Task item:
Everything in the listing must be repeated exactly, apart from the images.

Data:

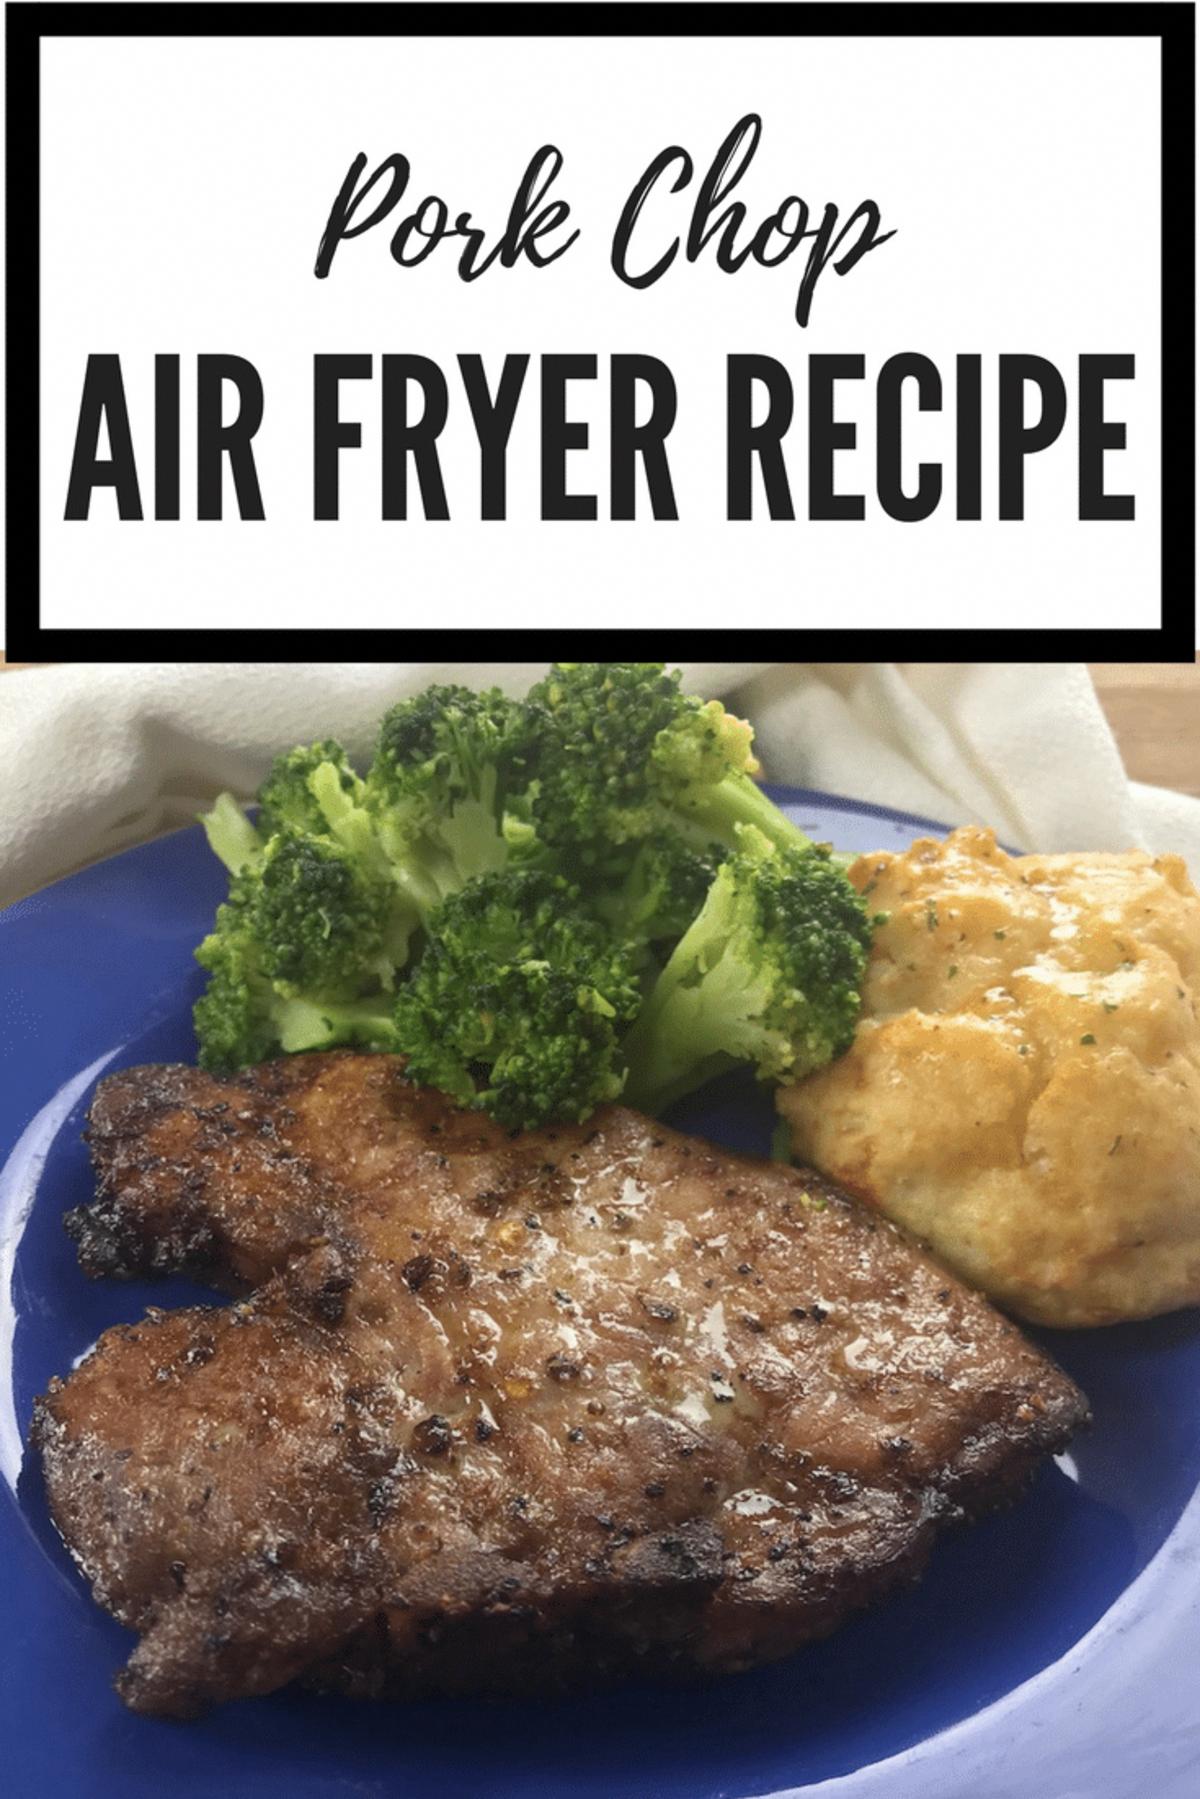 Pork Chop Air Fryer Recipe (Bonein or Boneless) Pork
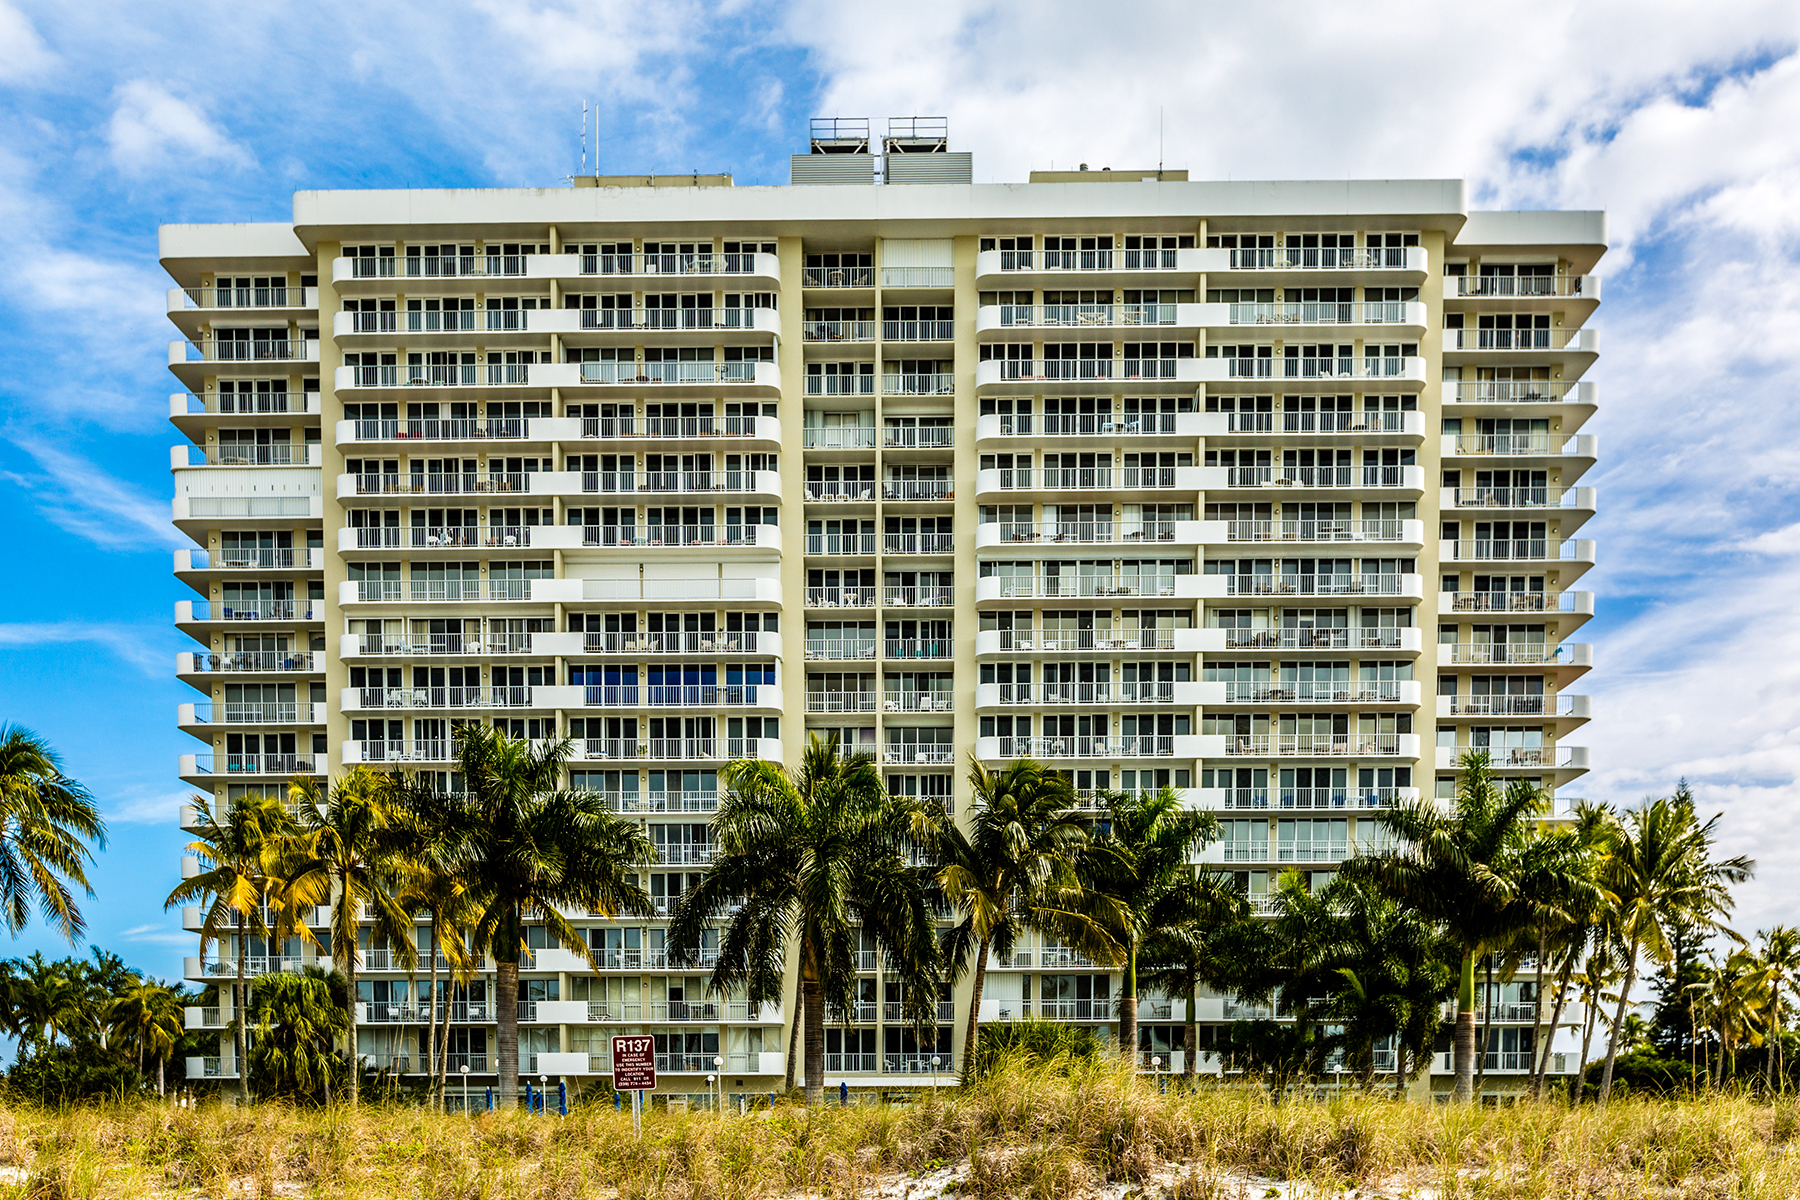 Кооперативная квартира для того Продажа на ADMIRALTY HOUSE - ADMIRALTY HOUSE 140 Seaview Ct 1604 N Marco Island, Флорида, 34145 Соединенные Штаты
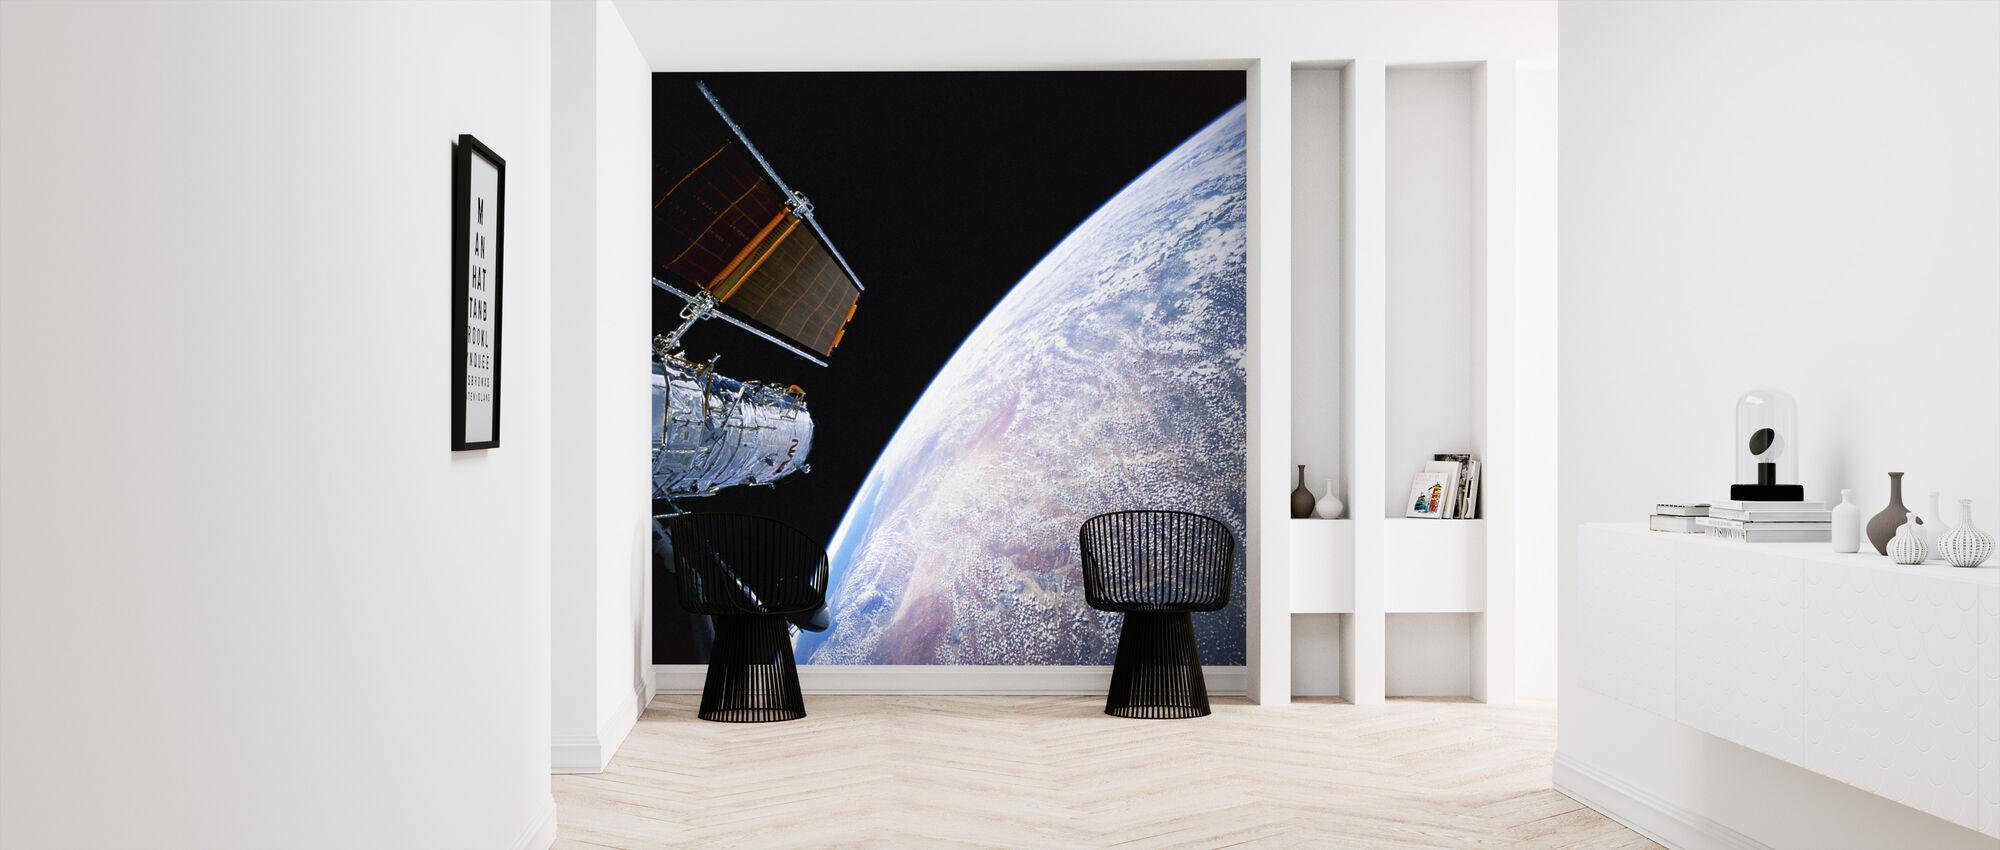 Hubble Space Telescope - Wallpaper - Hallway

Problem solution:
 Pork Chop Air Fryer Recipe (Bonein or Boneless) Pork
 Кооперативная квартира для того Продажа на ADMIRALTY HOUSE - ADMIRALTY HOUSE 140 Seaview Ct 1604 N Marco Island, Флорида, 34145 Соединенные Штаты
 Hubble Space Telescope - Wallpaper - Hallway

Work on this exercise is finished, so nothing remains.